From early childhood, individuals socialised as girls are often rewarded for compliance, emotional caregiving, and relational harmony. For neurodivergent people, these expectations can foster masking, fawning, and persistent self-monitoring as adaptive strategies for belonging and safety within neuronormative environments. While these adaptations may support short-term social success, they can also require sustained nervous system activation, increasing vulnerability to overwhelm, shutdown, and burnout over time.

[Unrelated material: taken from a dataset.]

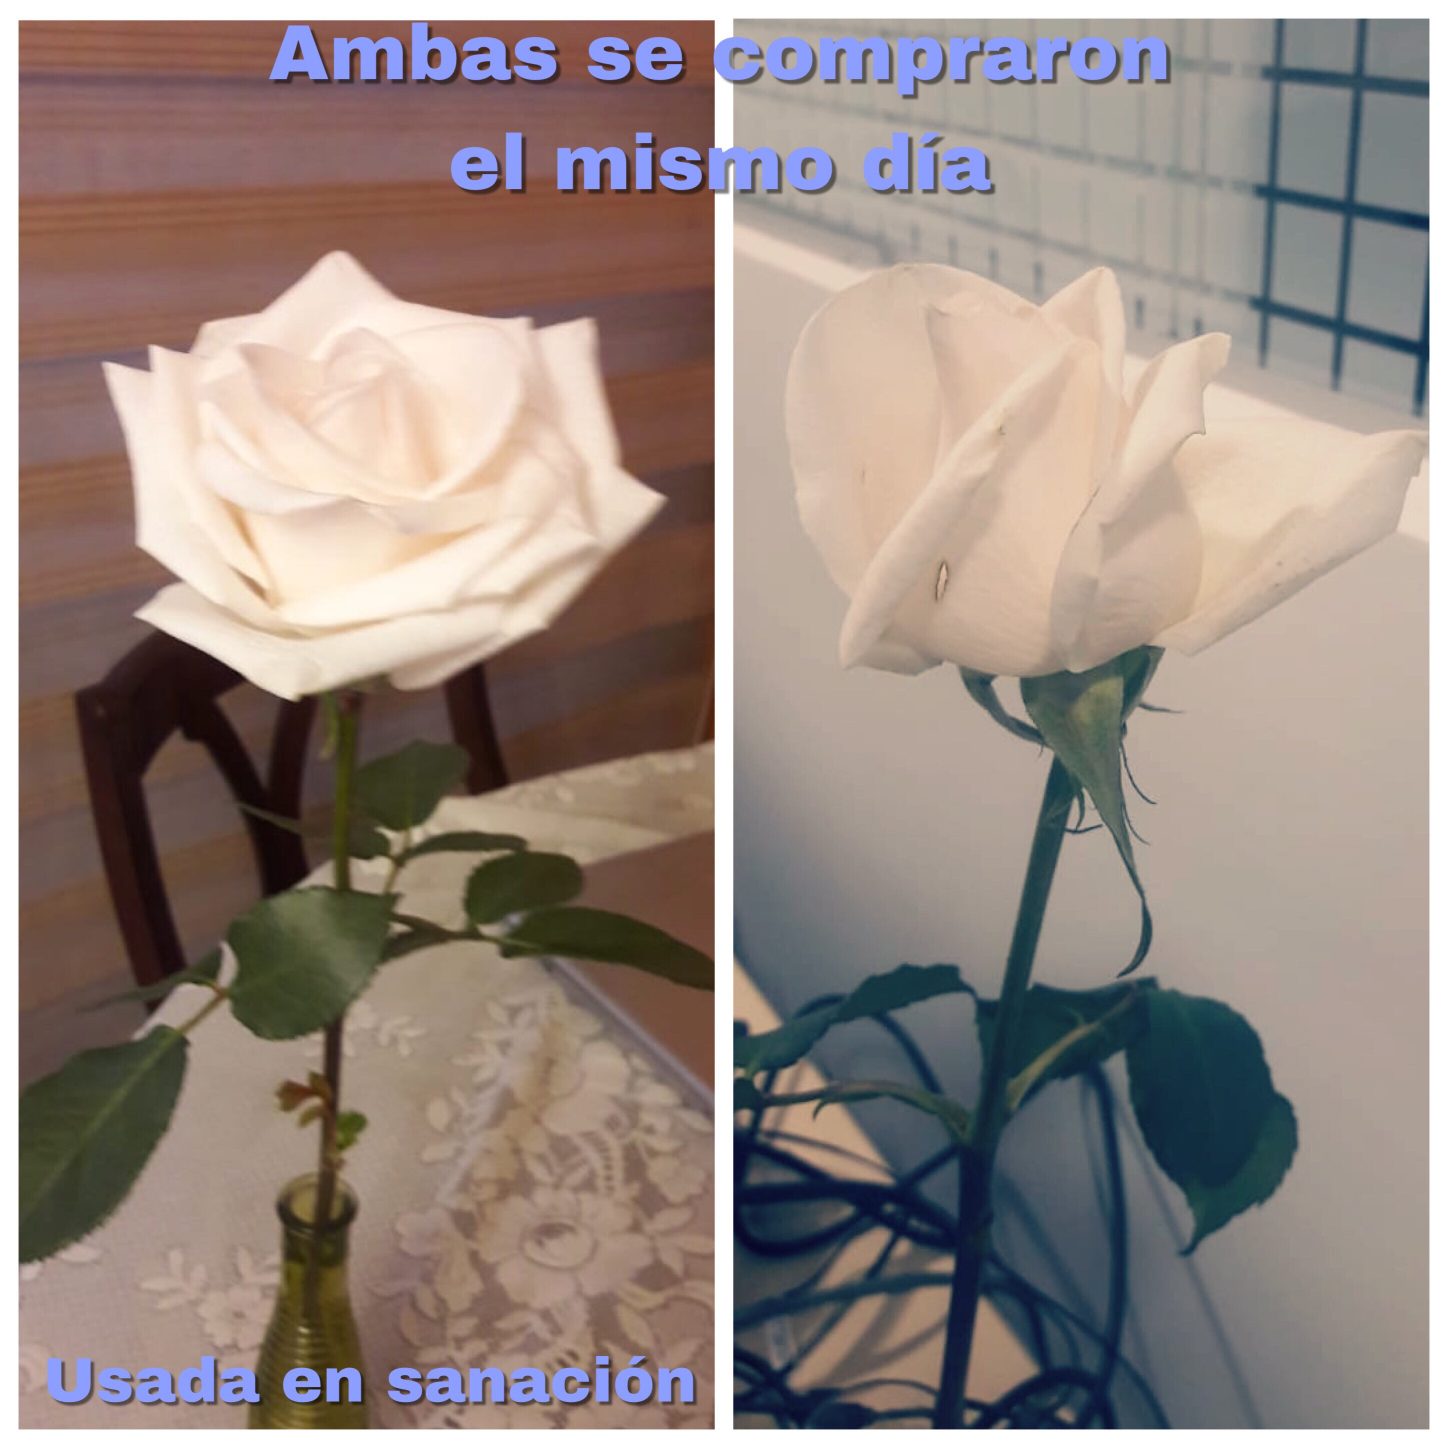 dos rosas compradas el mismo día, rosa izquierda usada para la sanación

This presentation reframes masking and burnout through a developmental and nervous system lens, integrating neurodiversity-affirming practice with insights from developmental psychology, gender sociology, and regulation science. Rather than conceptualising distress as individual deficit or reduced resilience, attendees will explore how cumulative relational adaptation shapes identity formation, help-seeking patterns, and mental health presentations across adolescence and adulthood.

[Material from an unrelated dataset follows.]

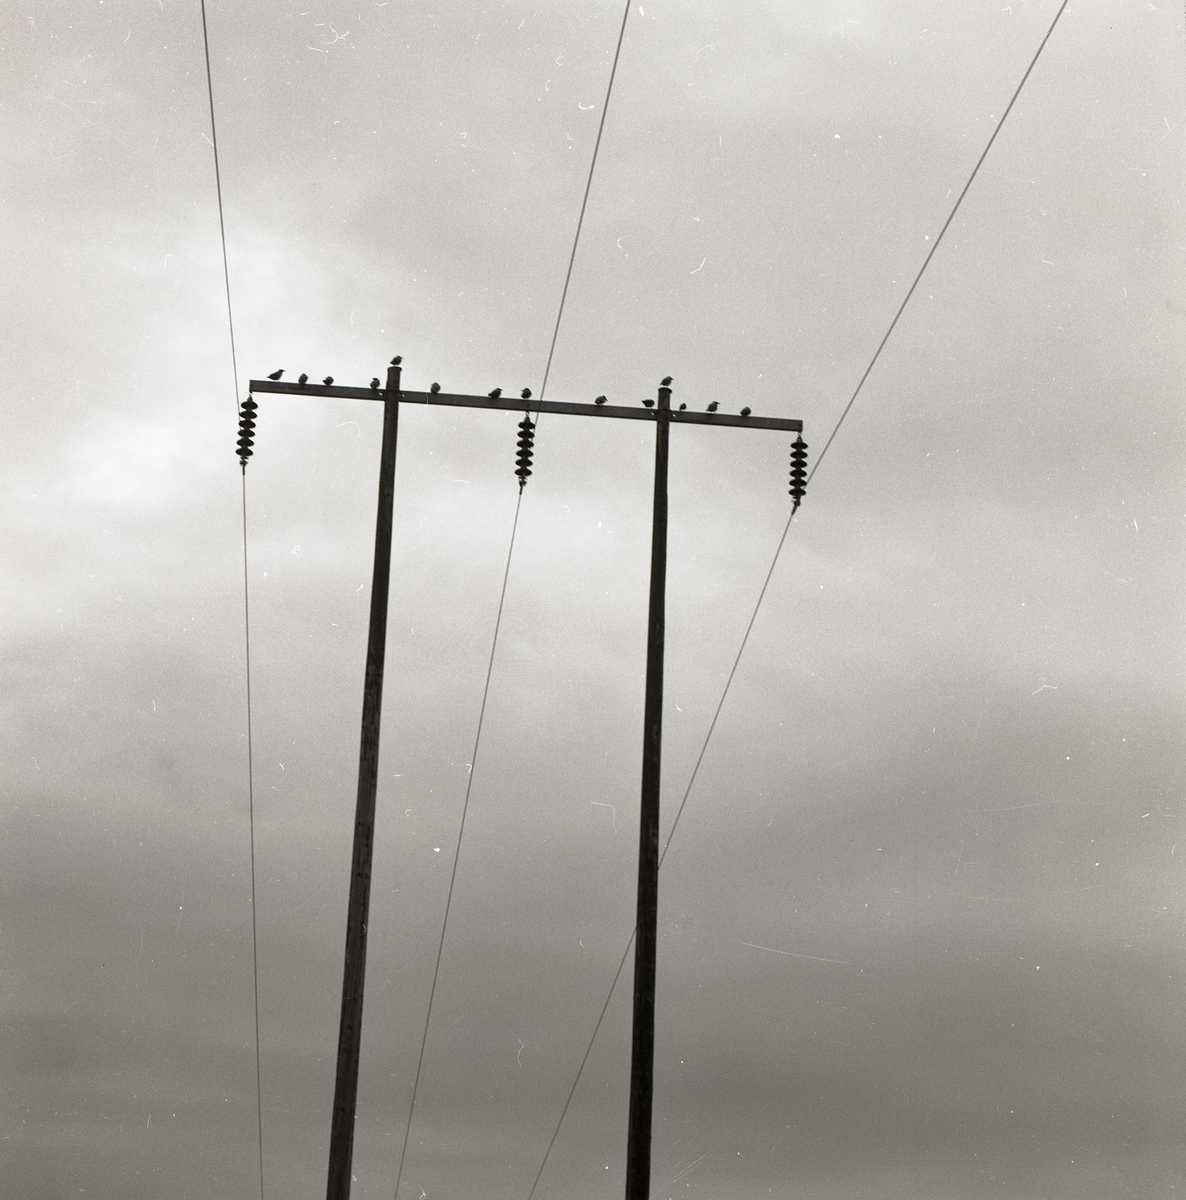 En flock kråkor sitter högst uppe på en elstolpe, 1972.

Clinical examples will illustrate how traditional therapeutic approaches may unintentionally reinforce compliance-based coping or relational over-responsibility. Participants will be invited to consider practical shifts toward therapeutic environments that prioritise nervous system safety, autonomy, and authentic self-expression. By situating neurodivergent distress within broader social and relational contexts, this session offers clinicians a compassionate and contemporary framework for understanding burnout while supporting sustainable wellbeing for neurodivergent clients across the lifespan.

Biography

Brianna Thomas is an AuDHD clinical psychologist working with neurodivergent children, adolescents, and adults, with a particular focus on girls, women, and gender diverse people. Her work explores the intersection of identity, nervous systems, and burnout within neurodiversity-affirming practice. Brianna is a Certified Synergetic Play Therapist who integrates creativity, play, and relational approaches into therapy and assessment. She is a PhD candidate researching neurodiversity-affirming autism assessment, a member of AusPATH, and co-director of The Psych Hive, a neuroaffirming psychology practice. Outside of work, Brianna loves spending time with her very enthusiastic bordoodle puppies.